(EXERCISE MATERIALS Opens)
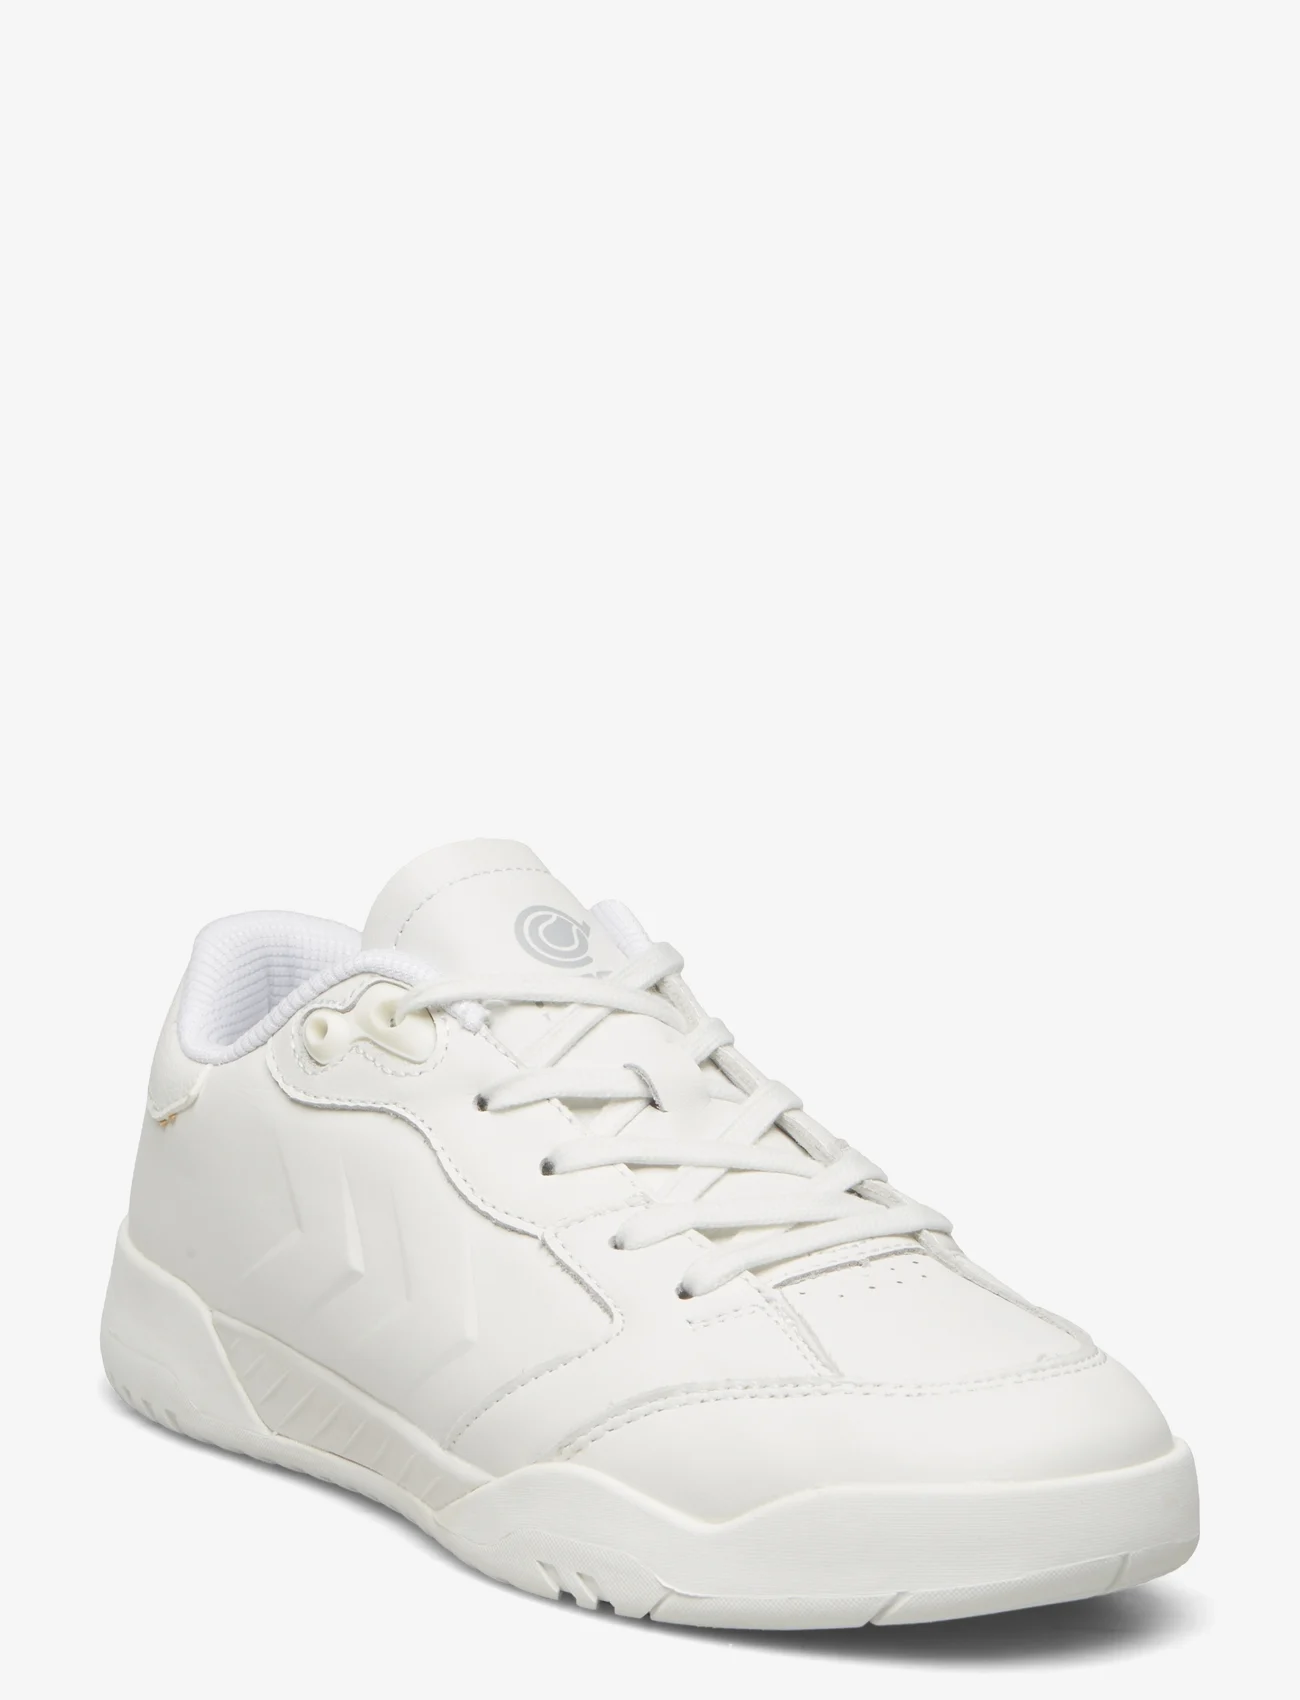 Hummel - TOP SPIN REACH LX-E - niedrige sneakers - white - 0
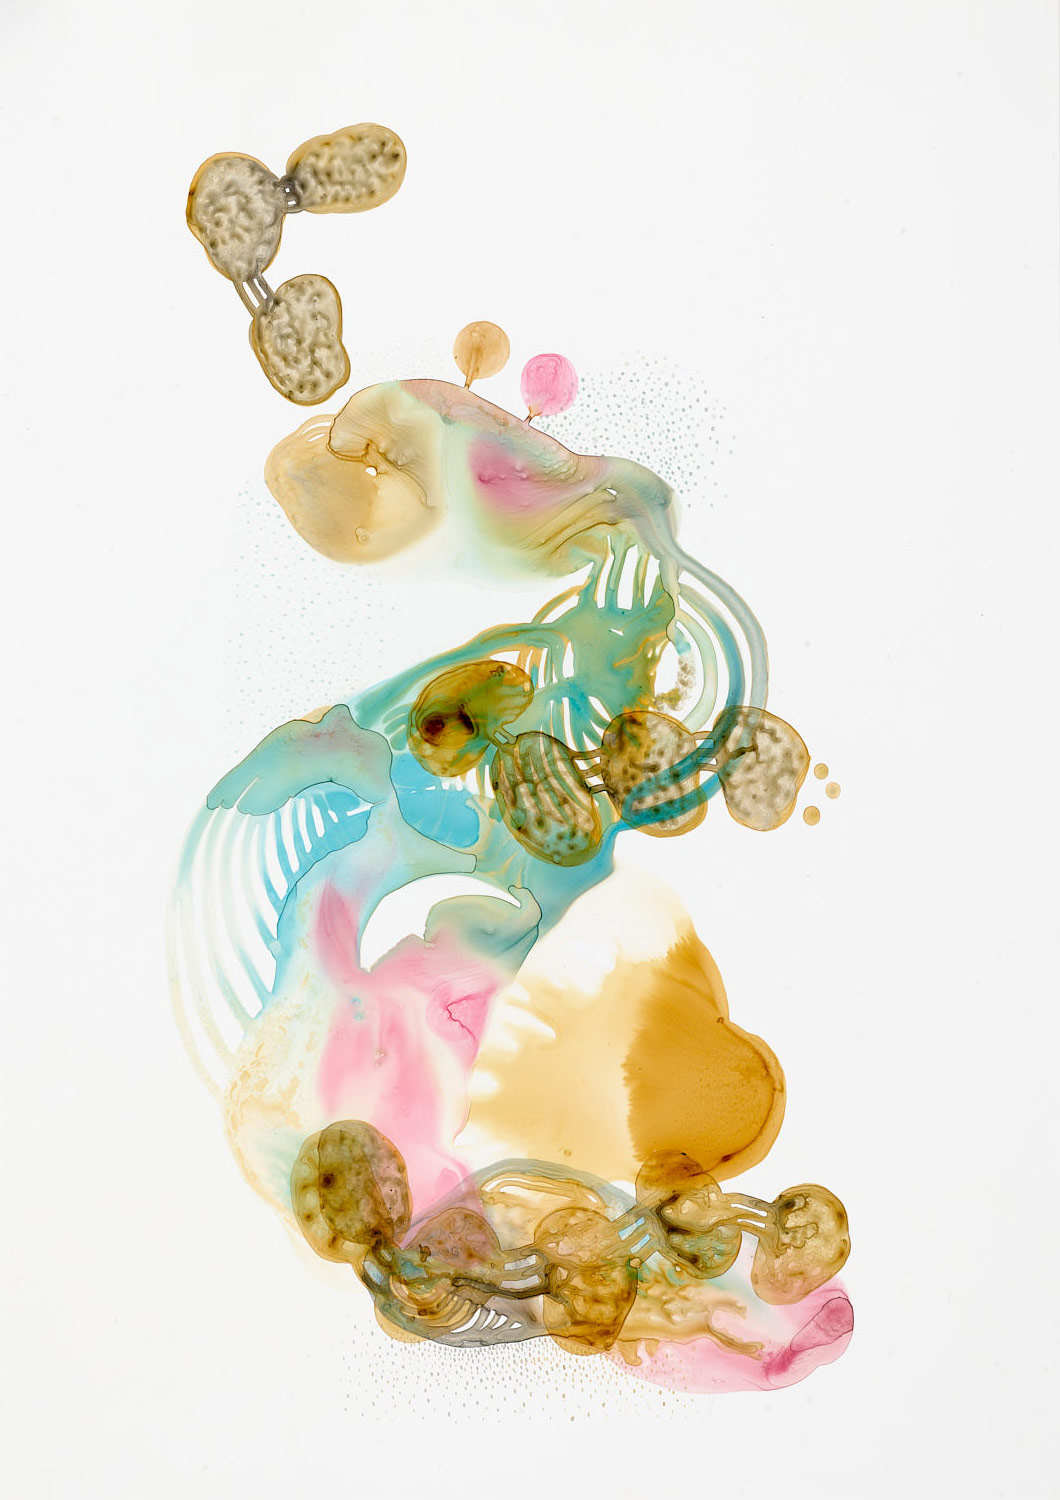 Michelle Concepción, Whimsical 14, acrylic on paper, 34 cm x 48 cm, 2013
(EXERCISE MATERIALS Closes)
(EXERCISE MATERIALS Opens)
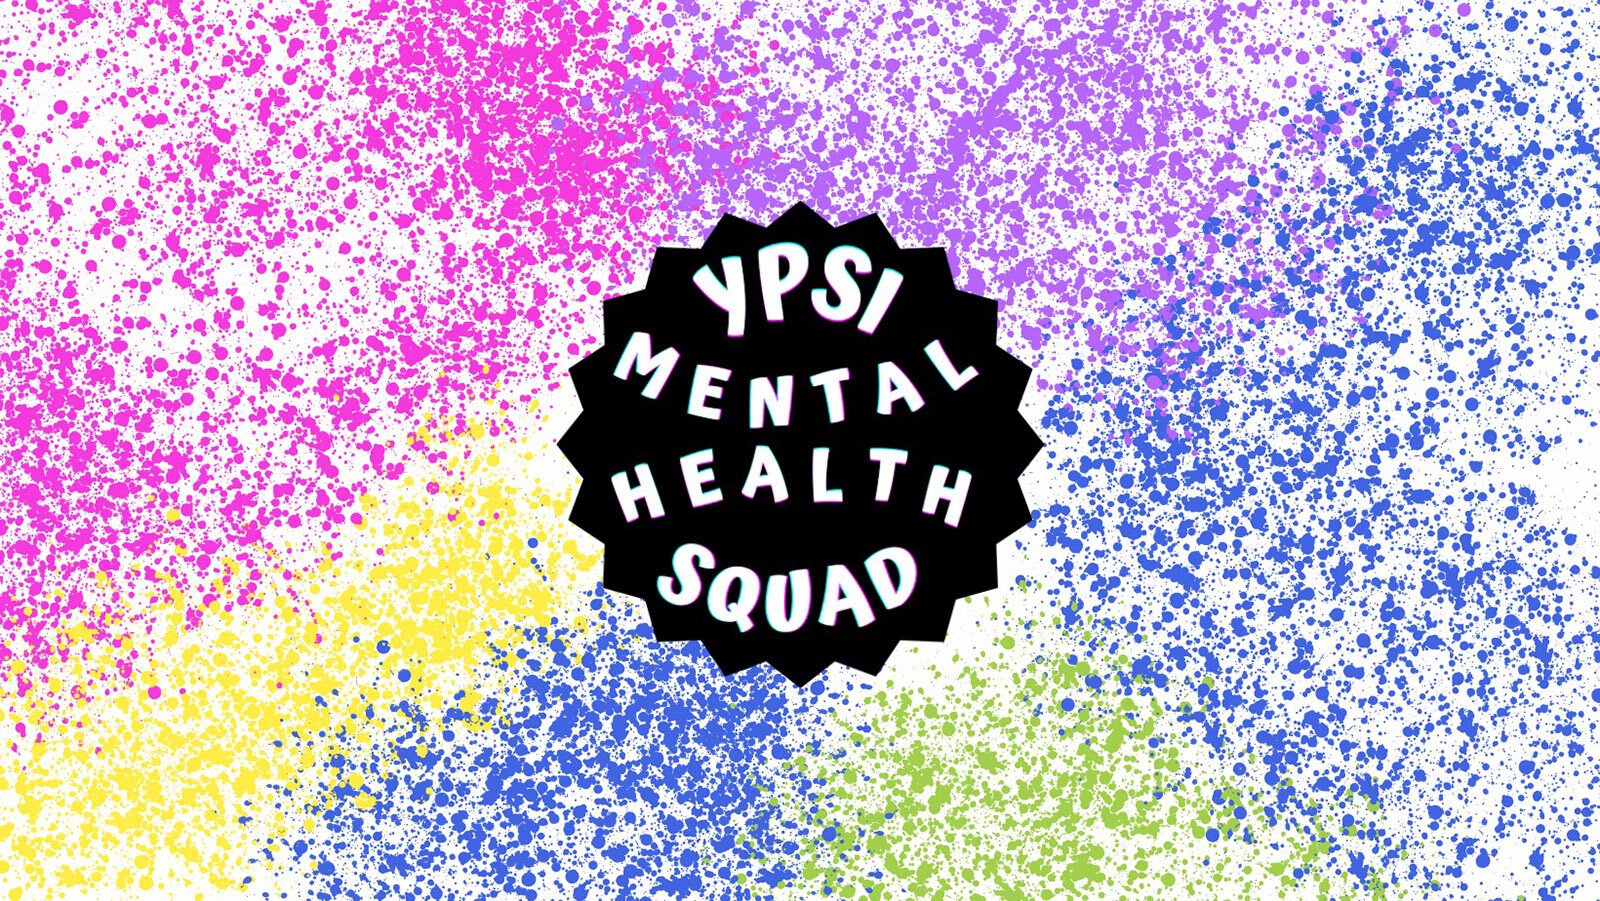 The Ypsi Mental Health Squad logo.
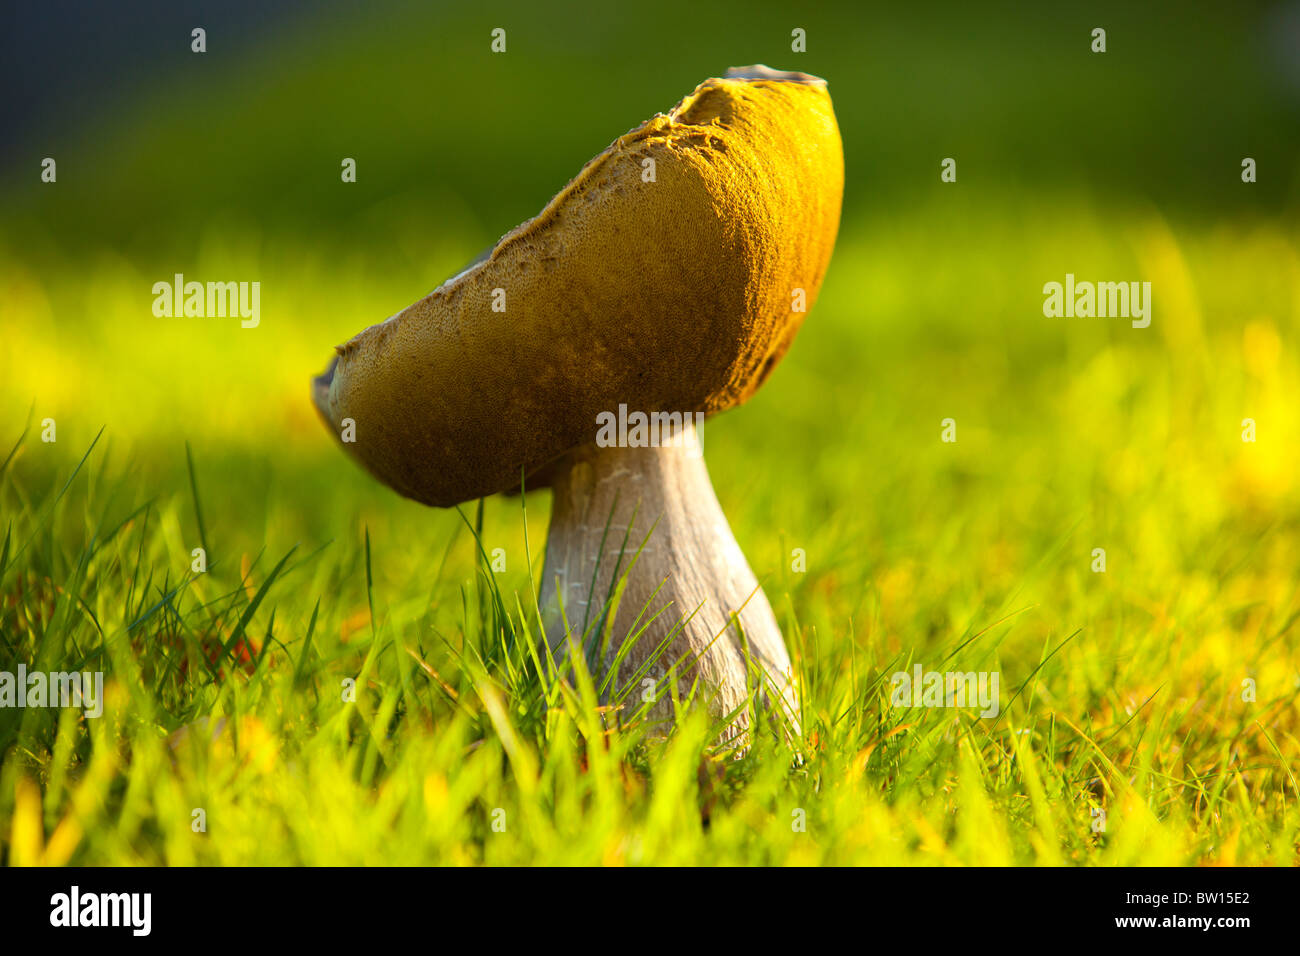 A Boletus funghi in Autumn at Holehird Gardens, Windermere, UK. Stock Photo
(EXERCISE MATERIALS Closes)
[TASK REQUIREMENTS]: Using the data above, copy exactly the lines from the one containing "Hummel - TOP" to the one containing "Michelle Concepción, Whimsical", inclusive. Exclude the pictures.

[SOLUTION FOR THIS EXERCISE]:
 Hummel - TOP SPIN REACH LX-E - niedrige sneakers - white - 0
 Michelle Concepción, Whimsical 14, acrylic on paper, 34 cm x 48 cm, 2013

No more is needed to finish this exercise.